🤖 AI Summary
This work addresses the performance gap in cross-domain few-shot learning under source-domain unavailability, where prompt-based fine-tuning methods for vision-language models (e.g., CLIP) significantly underperform adapter-based approaches. The study reveals that adapters such as LoRA enhance modality alignment and class separability by mitigating attention collapse in the visual [CLS] token. Building on this insight, the authors propose Semantic Probe—a plug-and-play, general-purpose attention rectification framework—that uniformly boosts the performance of both prompt-based (e.g., MaPLe) and adapter-based methods. Evaluated across four cross-domain few-shot benchmarks, Semantic Probe consistently achieves state-of-the-art results, demonstrating its effectiveness and broad applicability.
📝 Abstract
Cross-Domain Few-Shot Learning (CDFSL) aims to adapt large-scale pretrained models to specialized target domains with limited samples, yet the few-shot fine-tuning of vision-language models like CLIP remains underexplored.
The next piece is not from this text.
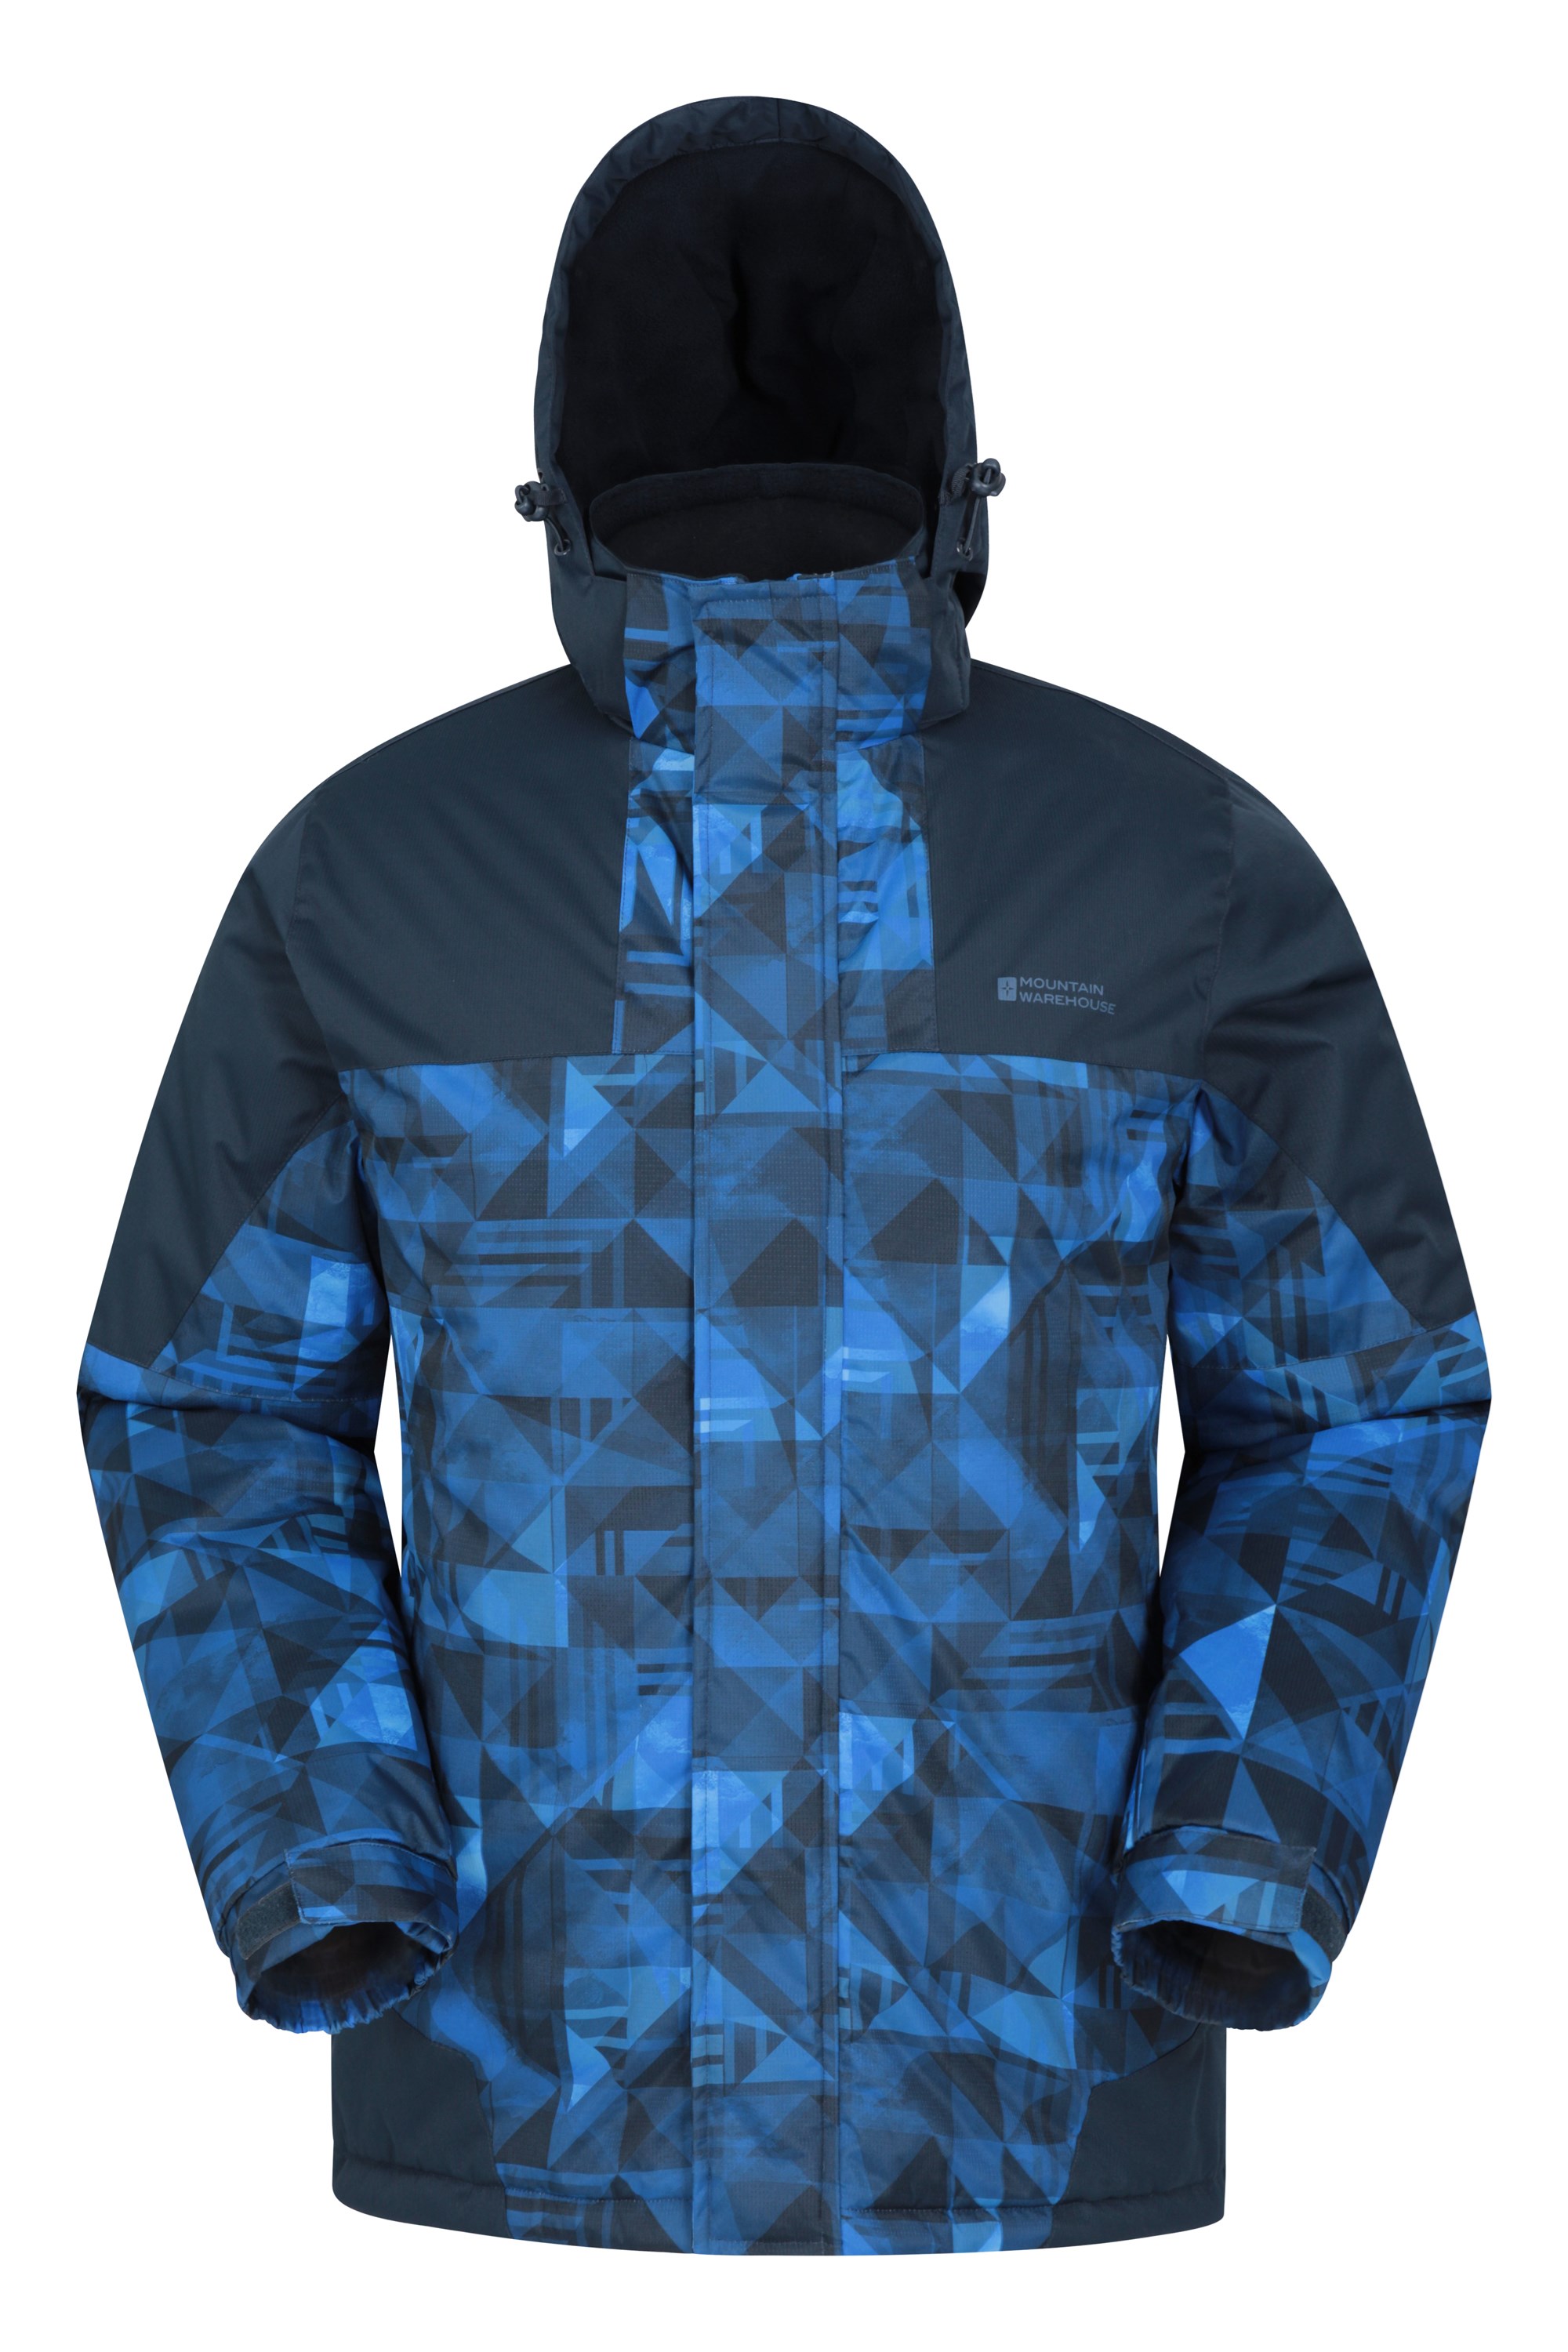 Mountain Warehouse Shadow Mens Printed Ski Jacket Warm Snow Jacket

By establishing multiple fine-tuning baselines of CLIP for CDFSL, we find adapter-based methods (e.g., LoRA) consistently outperform prompt-based ones (e.g., MaPLe), contrary to in-domain scenarios. To make those effective in-domain methods competitive again in CDFSL, we analyze this phenomenon and discover LoRA's superiority stems from rectifying the collapsed attention of visual CLS token, enhancing modality alignment and class separation by focusing on text-related visual regions. Further, we find textual EOS token exhibit much better attention to visual samples, and CLIP's standard contrastive loss weakly constrains modality alignment. Based on these insights, we propose Semantic Probe, a plug-and-play attention rectification framework for both adapter- and prompt-based methods. Extensive experiments on four CDFSL benchmarks validate our rationale, achieving state-of-the-art performance and benefiting both fine-tuning paradigms. Codes will be released.